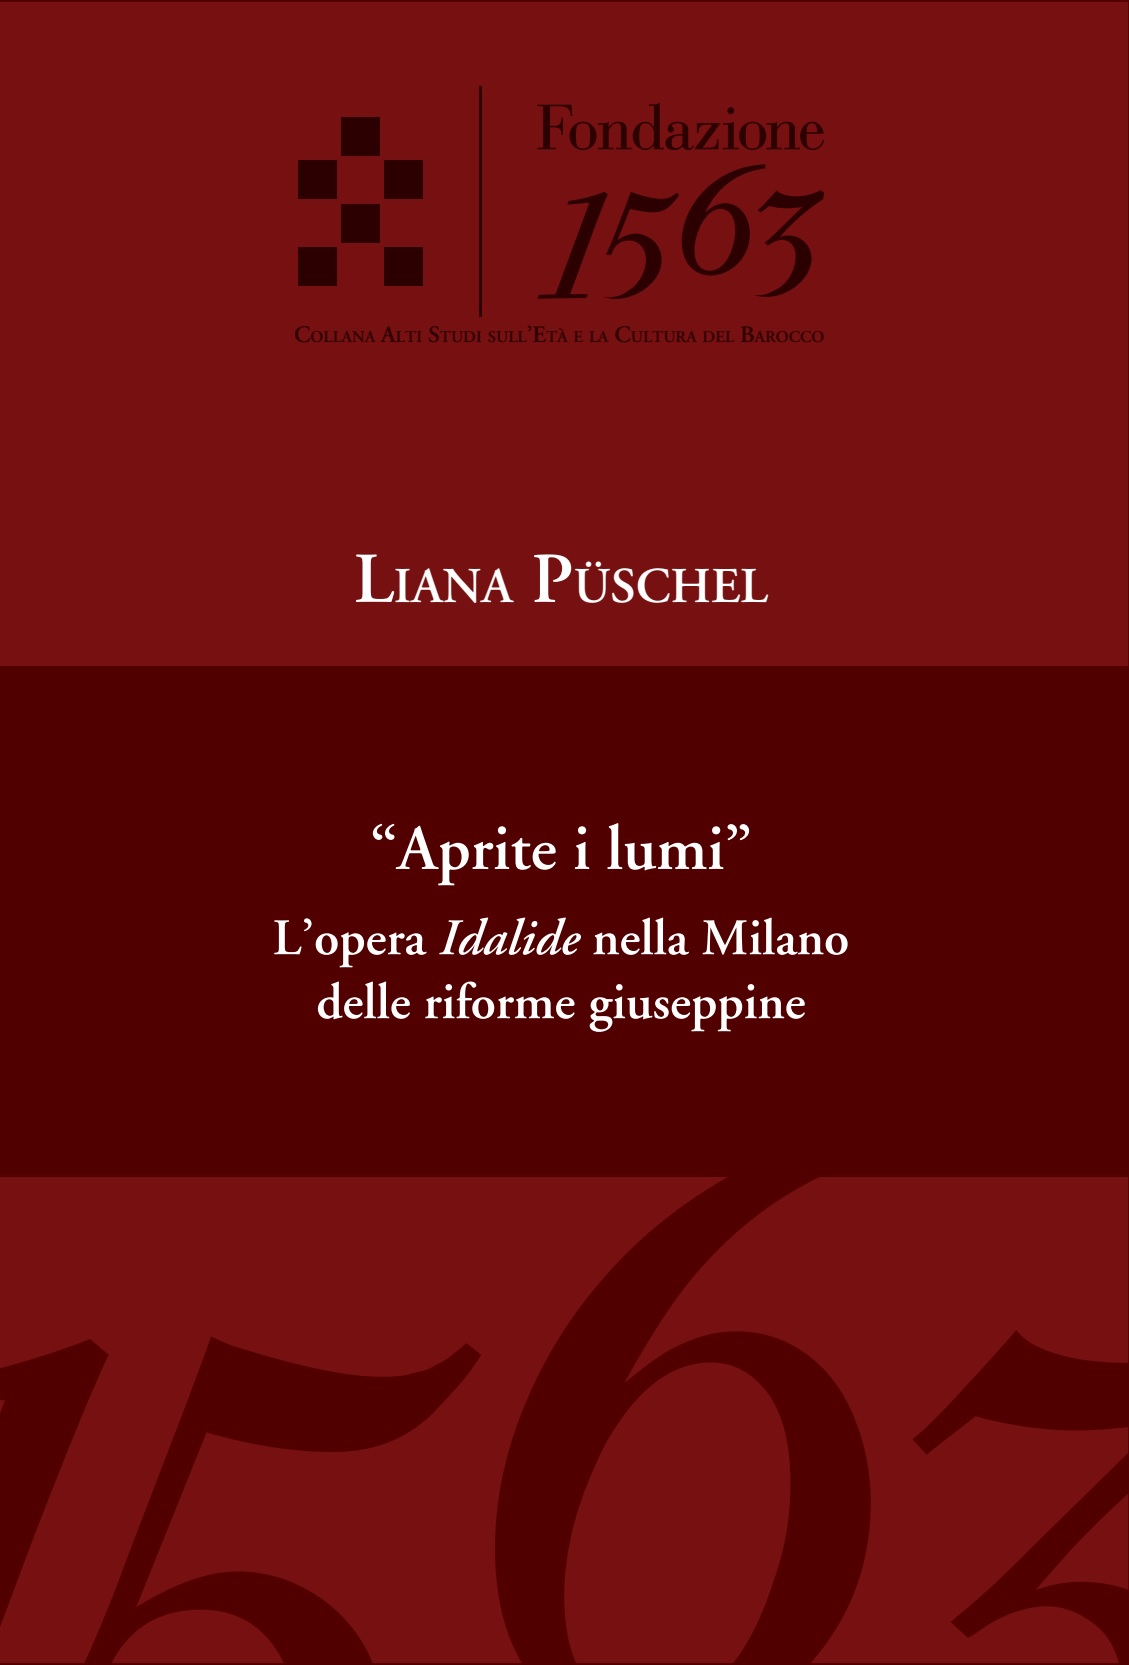 Liana Püschel, "Aprite i lumi". L’opera Idalide nella Milano delle riforme giuseppine, ASECB, Fondazione 1563, 2023
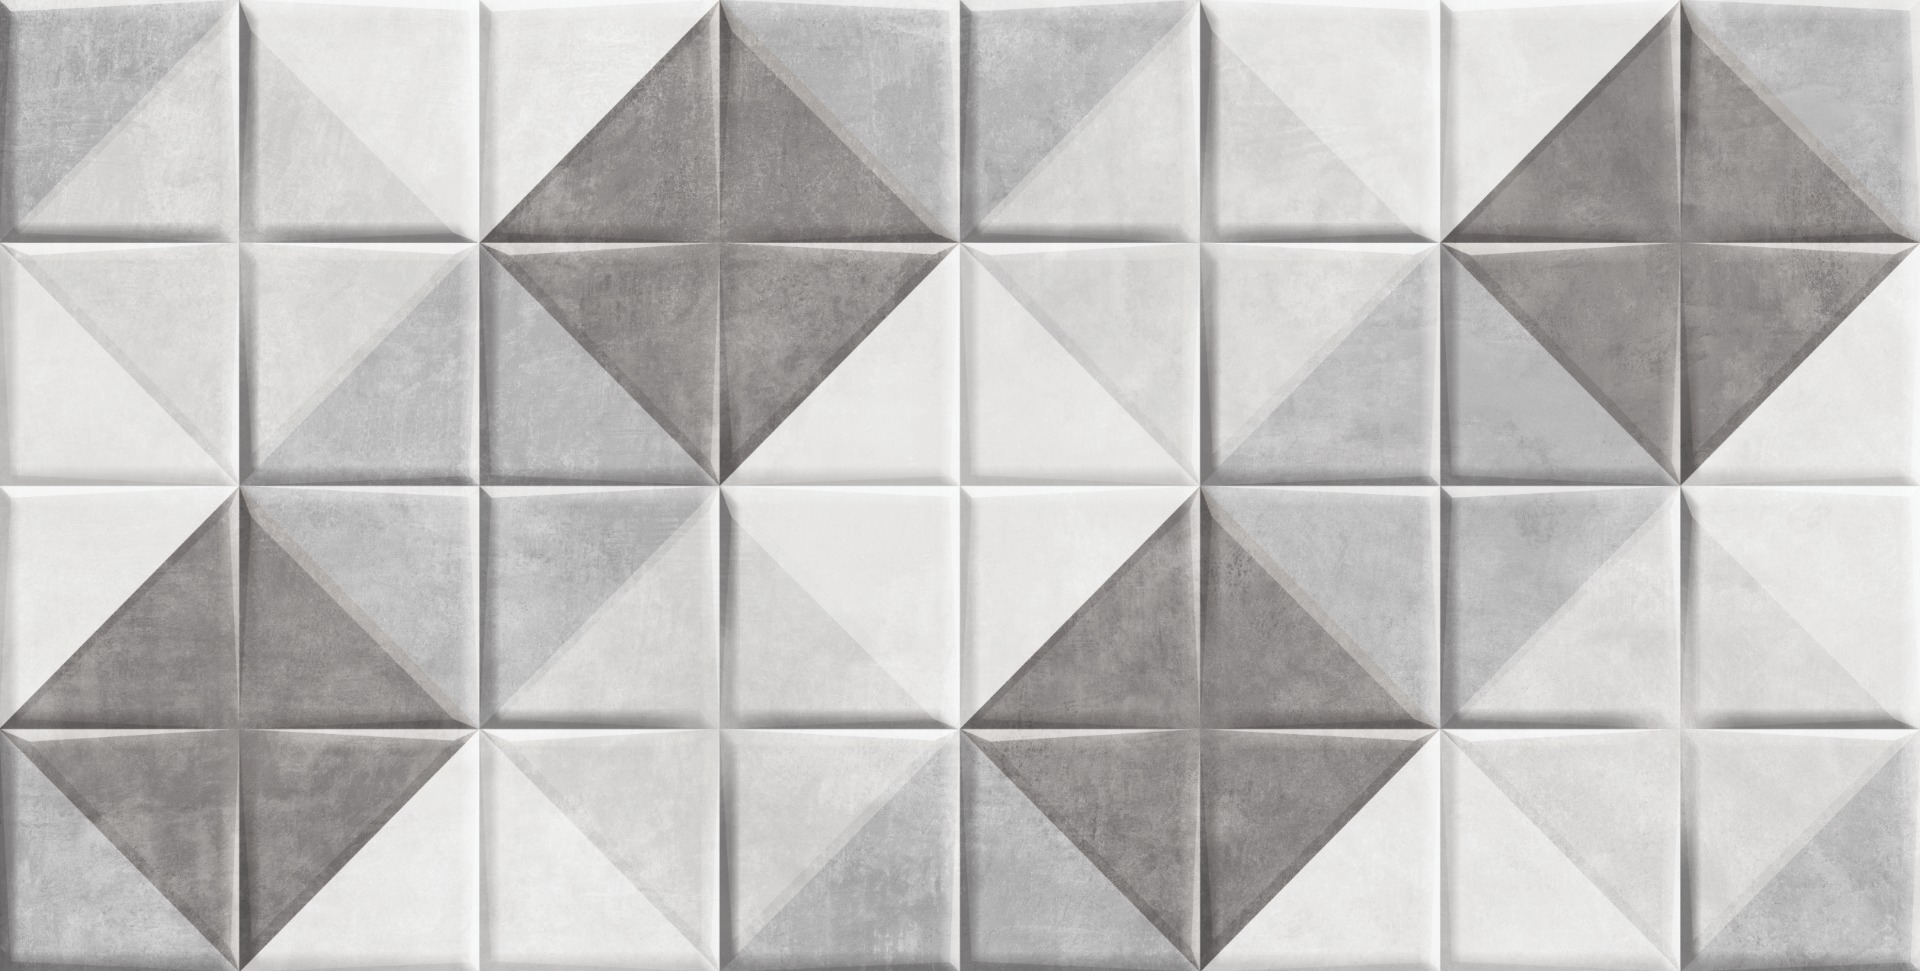 Pattern Tiles for Bathroom Tiles, Living Room Tiles, Kitchen Tiles, Bedroom Tiles, Accent Tiles, Automotive Tiles, Bar/Restaurant, Commercial/Office
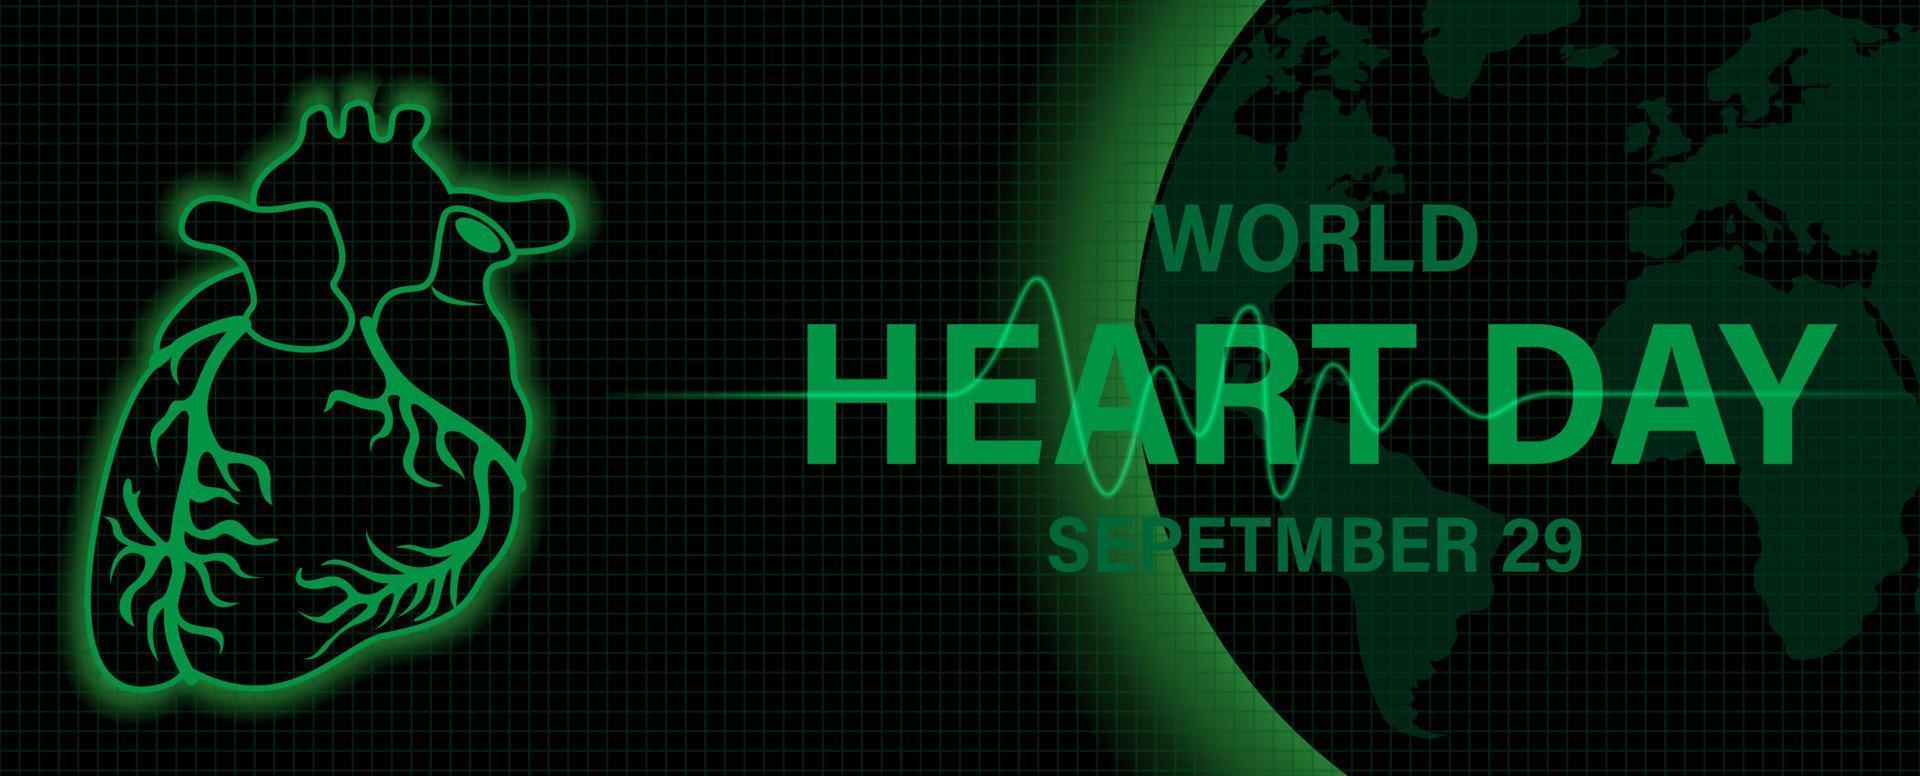 corazón humano con frecuencia cardíaca y el día y el nombre del evento en globo y fondo negro. la campaña de afiches del día mundial del corazón en color monótono verde parece un diseño de monitor de frecuencia cardíaca. vector
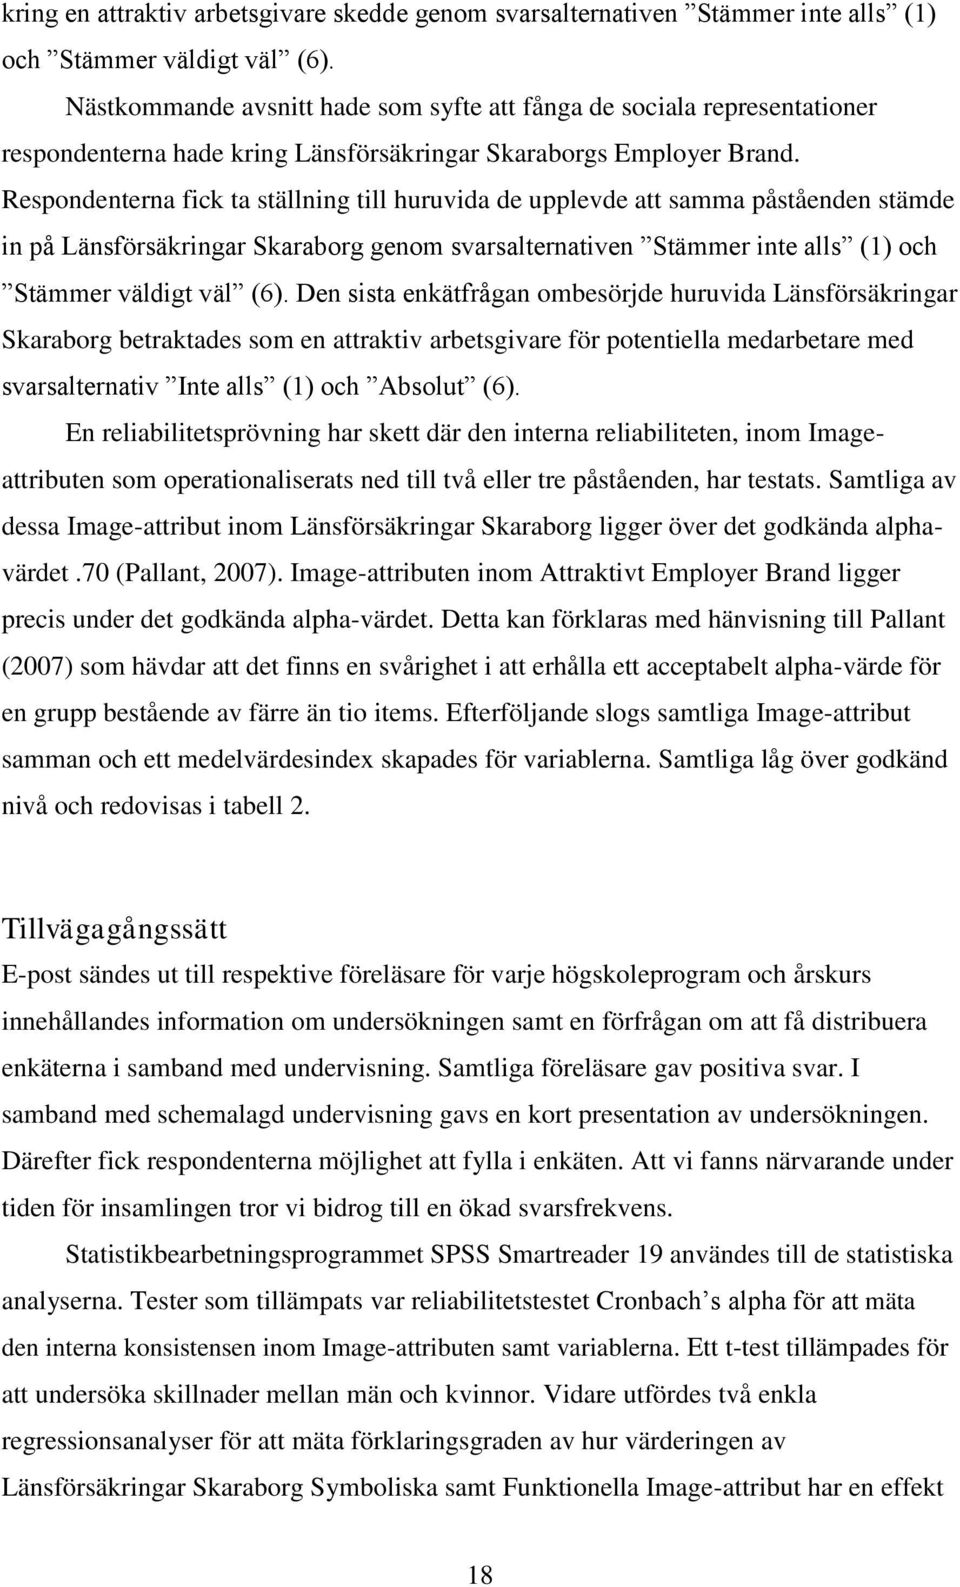 Respondenterna fick ta ställning till huruvida de upplevde att samma påståenden stämde in på Länsförsäkringar Skaraborg genom svarsalternativen Stämmer inte alls (1) och Stämmer väldigt väl (6).
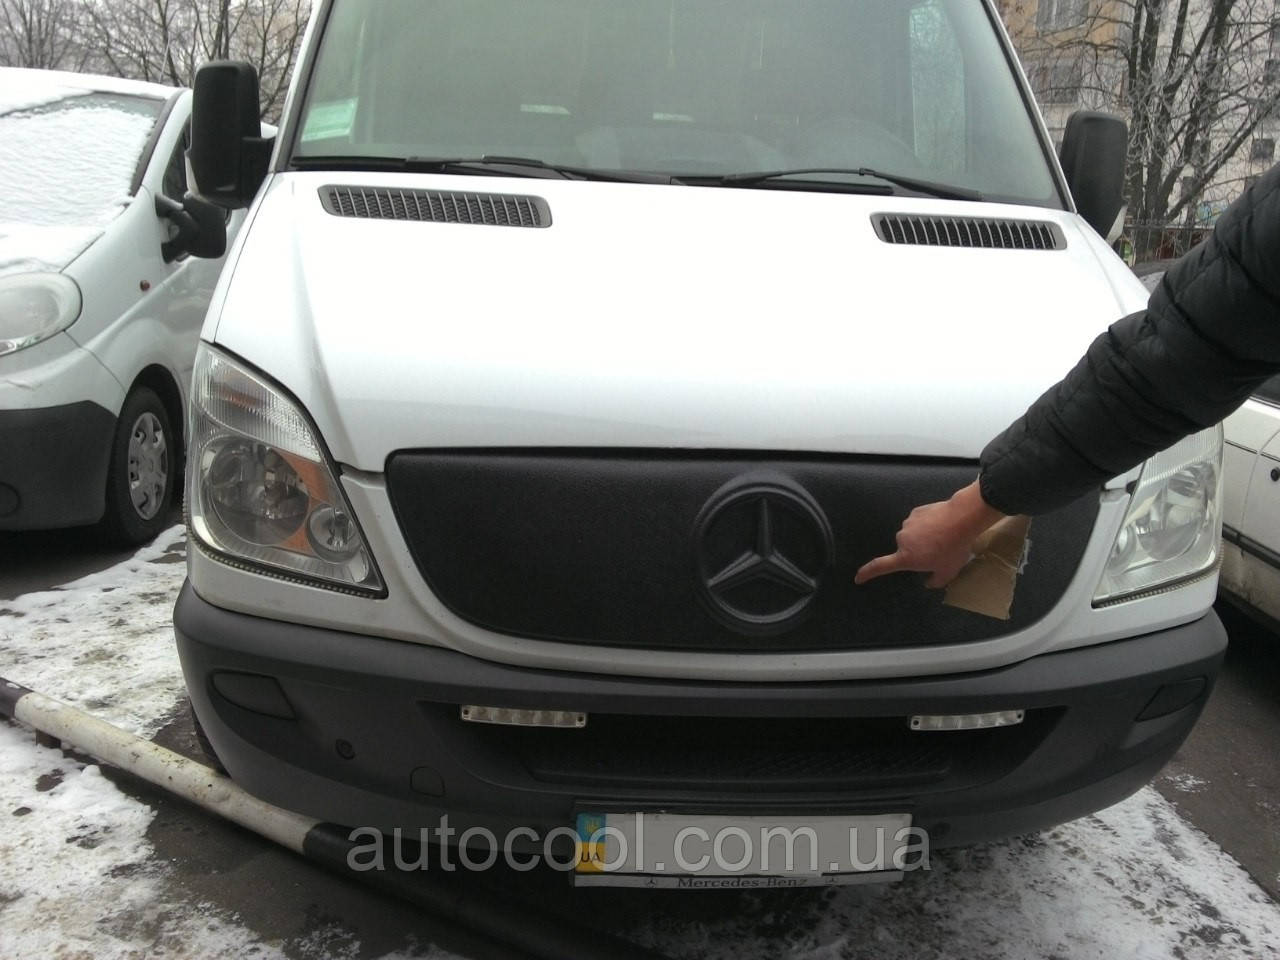 Зимова заглушка на решітку радіатора матова Mercedes Sprinter 2006-2012 г
★ ★ ★ ★ ★ ★ ★
(What is required): Starting with the line that holds "corazón humano con", print each line through the last one of the data exactly as written, but do not include the pictures.

(Answer space):
 corazón humano con frecuencia cardíaca y el día y el nombre del evento en globo y fondo negro. la campaña de afiches del día mundial del corazón en color monótono verde parece un diseño de monitor de frecuencia cardíaca. vector
 Respondenterna fick ta ställning till huruvida de upplevde att samma påståenden stämde in på Länsförsäkringar Skaraborg genom svarsalternativen Stämmer inte alls (1) och Stämmer väldigt väl (6).
 Зимова заглушка на решітку радіатора матова Mercedes Sprinter 2006-2012 г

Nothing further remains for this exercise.